20:50 The attacker then used Network Scanner to scan for devices on the local subnet and then right clicked on each C$ to map the drive. The attacker maps all machines to the DC as file shares.
21:34 The attacker then turned off Defender real-time protection via the local security policy.
21:34 Ryuk dropped
21:35 Ryuk is run, which runs the following commands before encrypting all systems included the mapped C$ shares.
- net.exe stop “samss” /y
- WMIC.exe shadowcopy delete
- vssadmin.exe Delete Shadows /all /quiet
- bcdedit /set {default} recoveryenabled No
- bcdedit /set {default}
- bootstatuspolicy ignoreallfailures
- icacls “C:\\*\” /grant Everyone:F /T /C /Q (this is done for all mapped drives)
21:35 We see multiple binaries run with “8 LAN” as the parameter shortly after Ryuk is run, which according to BleepingComputer designates the use of Wake-on-Lan (WoL). Ryuk will look at the arp table and then initiate a WoL packet to each system. If the system responds, Ryuk will attempt to mount the C$ admin share and then encrypt it.

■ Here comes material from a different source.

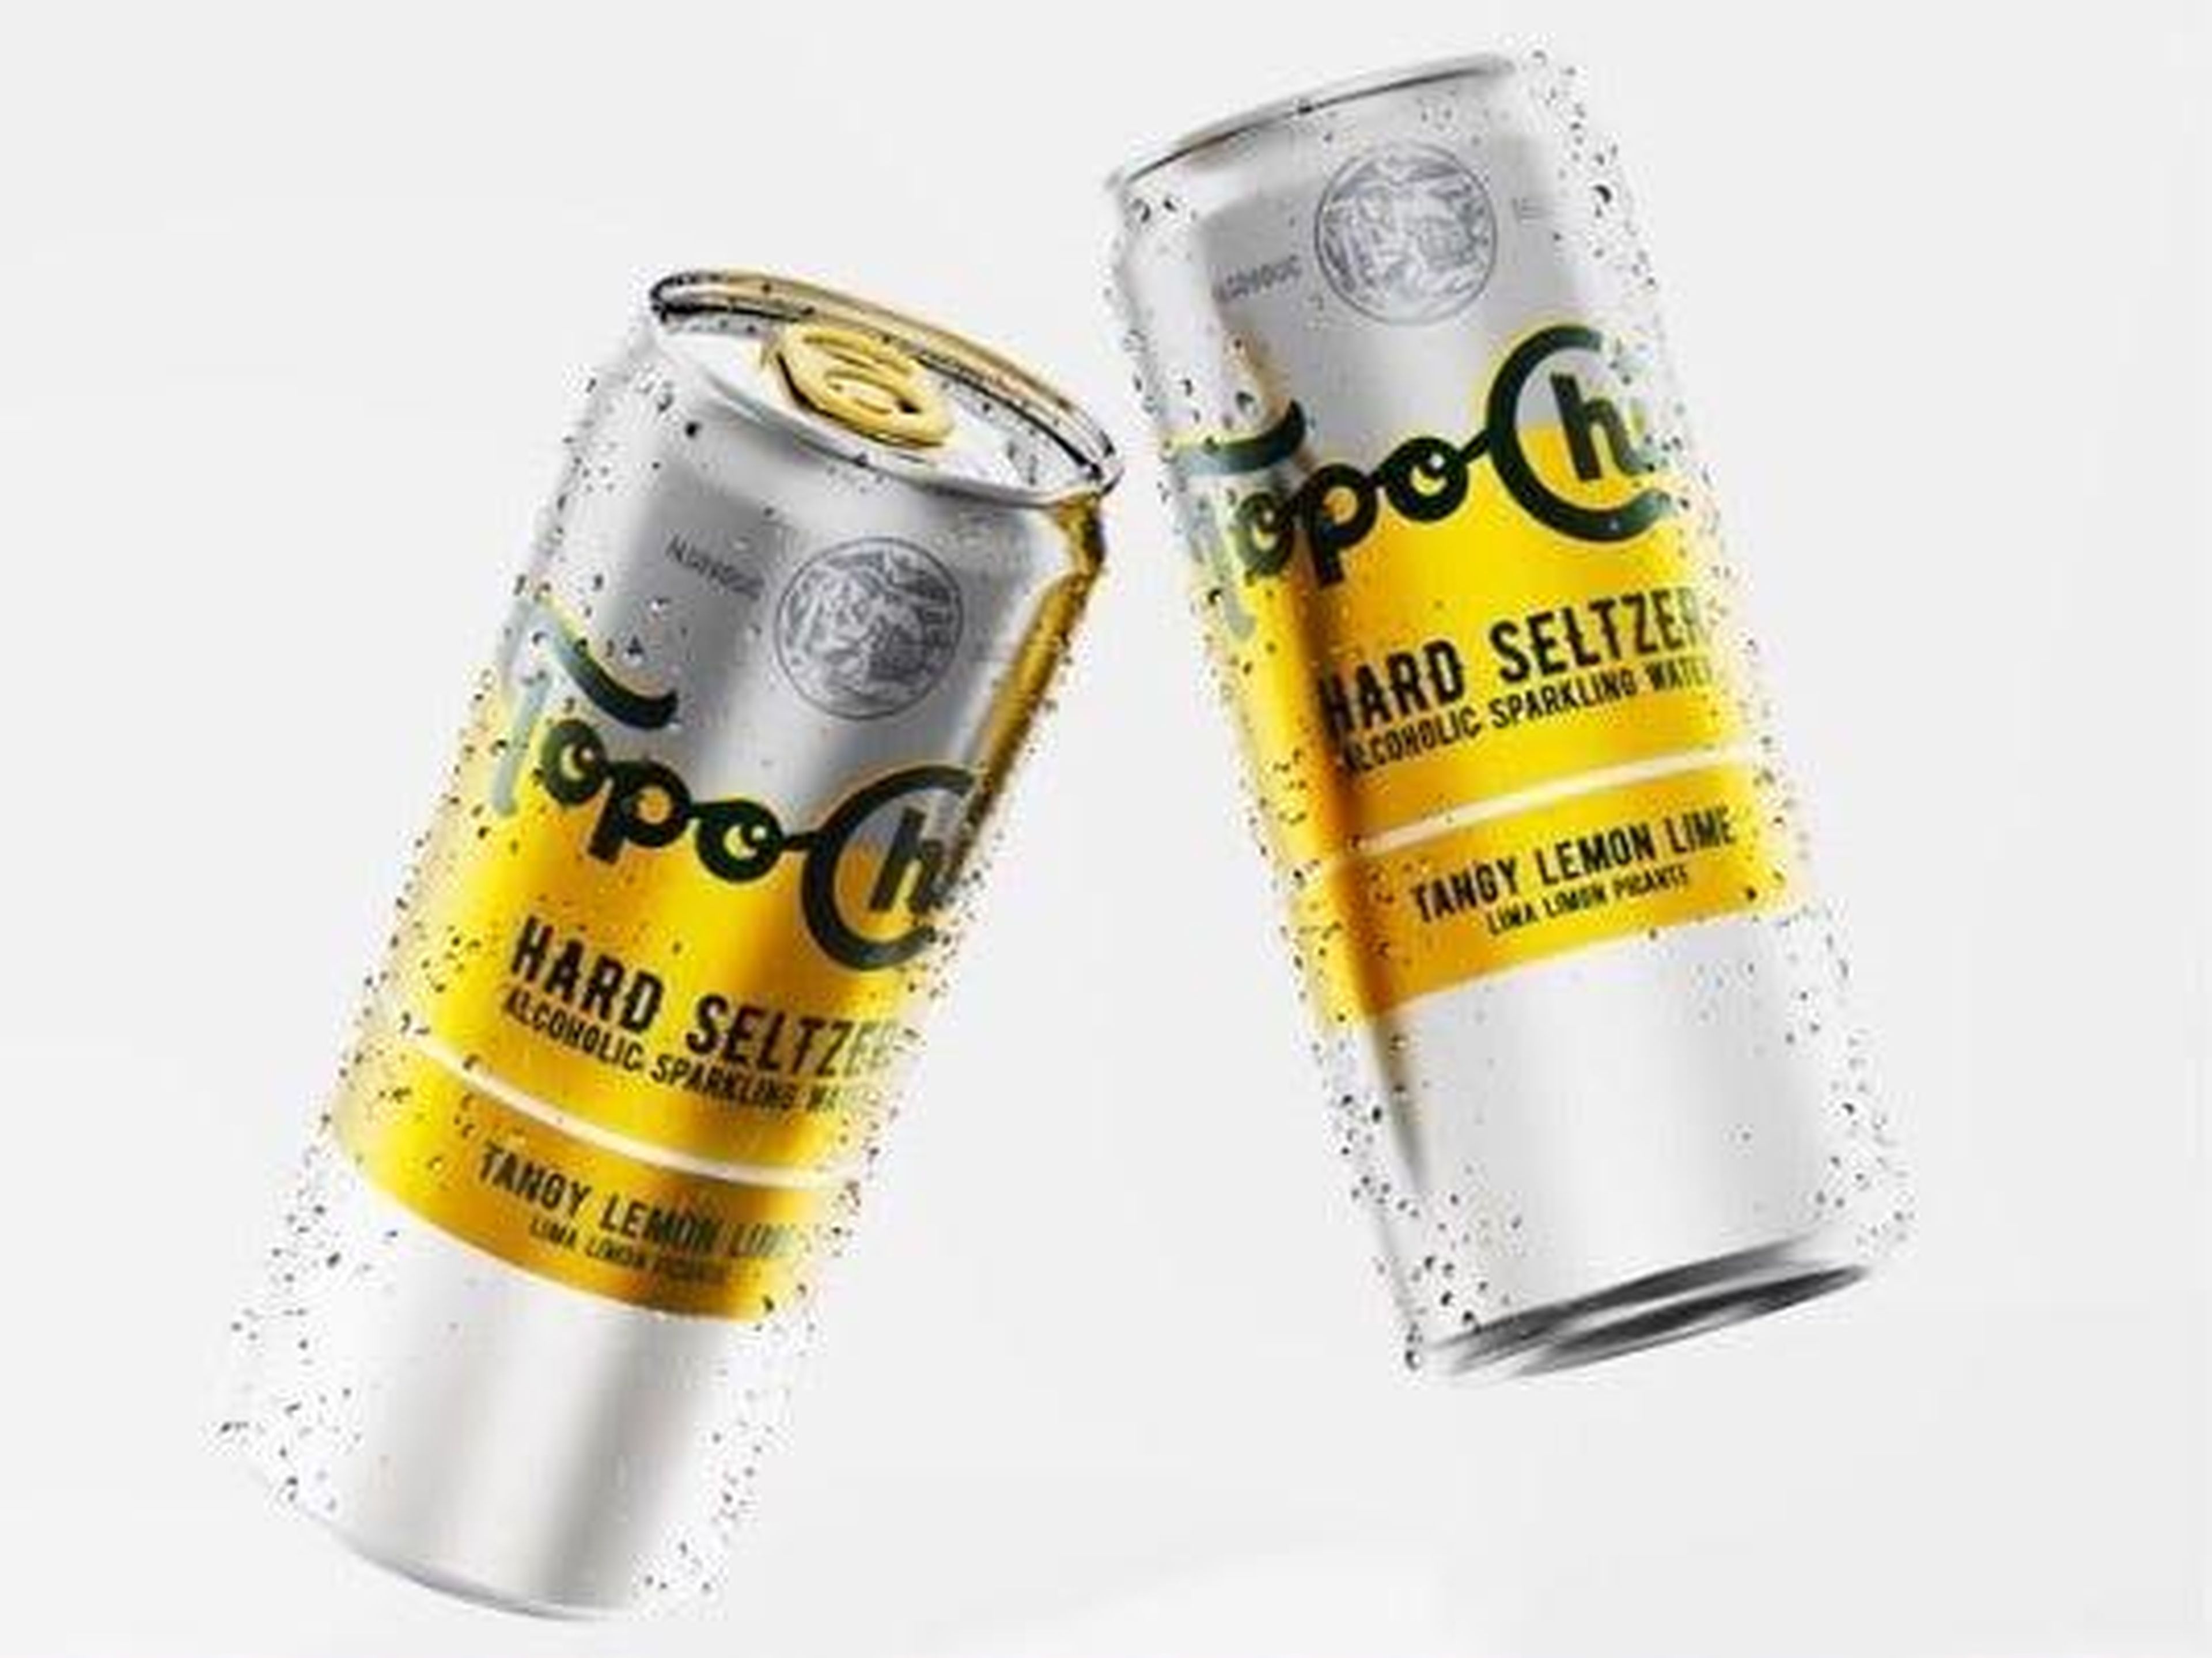 Coca-Cola is getting into the hard seltzer game

Here is a listing of the binaries that seemed to do Ryuks bidding. Ryuk was initiated by the highlighted binary.
According to THOR at least a few of these are considered to be RYUK binaries
21:46 Cobalt strike drops off across all machines.

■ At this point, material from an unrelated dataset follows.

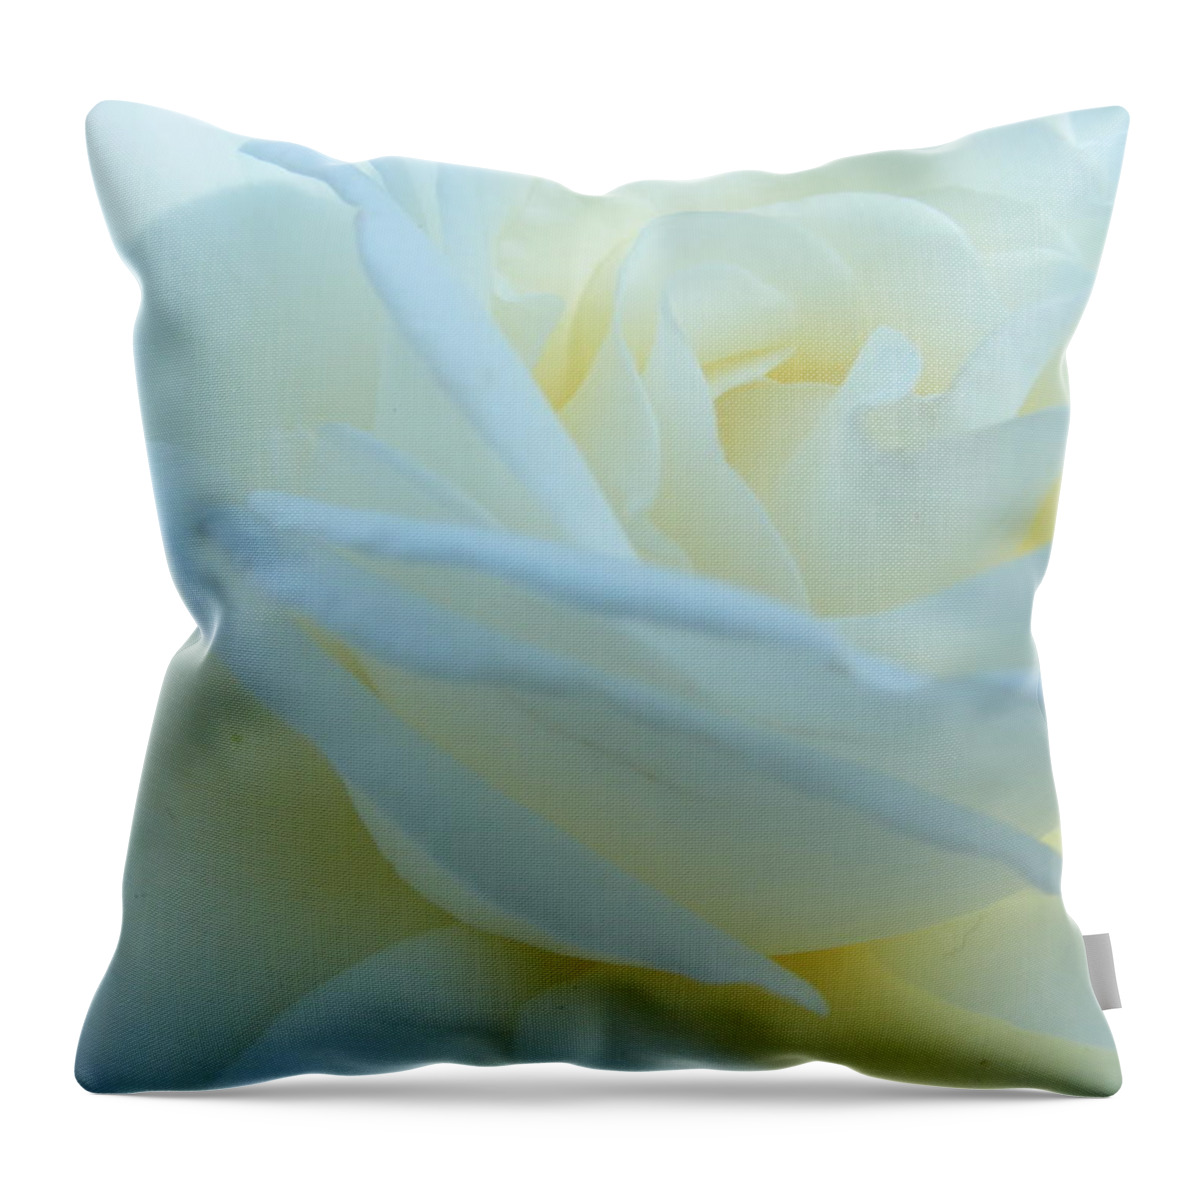 White Throw Pillow featuring the photograph White Rose by Michelle Hoffmann

By this time all systems are encrypted with Ryuk. This is what the DC looks like after the drives were mapped and Ryuk run.
Screenshot of the Ryuk ransome page
Here is the email response I received when contacting them. They are asking for around $300k…
Summary
Ryuk actors move fast and usually use Offensive Security Tools such as Cobalt Strike, PowerView and/or Empire. This is the first time I’ve ever heard or seen Ryuk move this fast so I was very excited to watch it unfold in front of my eyes. Another interesting point is the use of Network Scanner. I’ve seen this used by low level ransomware groups all the way up to this Ryuk group; it seems to be a favorite. Something else to note is the use of US IPs for C2 and tunneling so geo blocking will not help you here. Make sure you can detect Trickbot, Cobalt Strike, Empire, and PowerView in your environment and make sure you test on a regular cadence because these tools change.
If you have any questions or want additional information please feel free to use the Contact Me page. A HUGE shout out to all the people working on Hybrid Hunter, this tool is fantastic and I can’t wait to see it continue to improve. Thanks for reading!
IOCs
All IOCs including binaries are in MISPPriv Event ID 65678 and CIRCL OSINT feed via UUID 5e78dc2c-afc8-411f-94a5-40bb950d210f.